- TASK GOAL:
Lines before the one containing "We Have Prepared" are not wanted. Transcribe that line and all after it exactly, to the end of the entries.

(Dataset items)
::::::::::

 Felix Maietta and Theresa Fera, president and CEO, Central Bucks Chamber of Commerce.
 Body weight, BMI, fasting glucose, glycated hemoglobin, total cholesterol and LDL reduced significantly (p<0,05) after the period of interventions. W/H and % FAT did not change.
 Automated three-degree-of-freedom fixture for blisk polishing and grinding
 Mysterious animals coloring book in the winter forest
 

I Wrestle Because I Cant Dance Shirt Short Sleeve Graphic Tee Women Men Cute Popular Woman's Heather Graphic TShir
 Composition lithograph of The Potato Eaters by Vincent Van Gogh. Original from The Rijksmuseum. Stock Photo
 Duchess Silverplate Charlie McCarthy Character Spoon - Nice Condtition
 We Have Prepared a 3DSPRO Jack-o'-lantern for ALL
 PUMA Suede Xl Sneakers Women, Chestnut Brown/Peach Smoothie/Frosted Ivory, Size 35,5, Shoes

::::::::::

- ANSWER BOX:
 We Have Prepared a 3DSPRO Jack-o'-lantern for ALL
 PUMA Suede Xl Sneakers Women, Chestnut Brown/Peach Smoothie/Frosted Ivory, Size 35,5, Shoes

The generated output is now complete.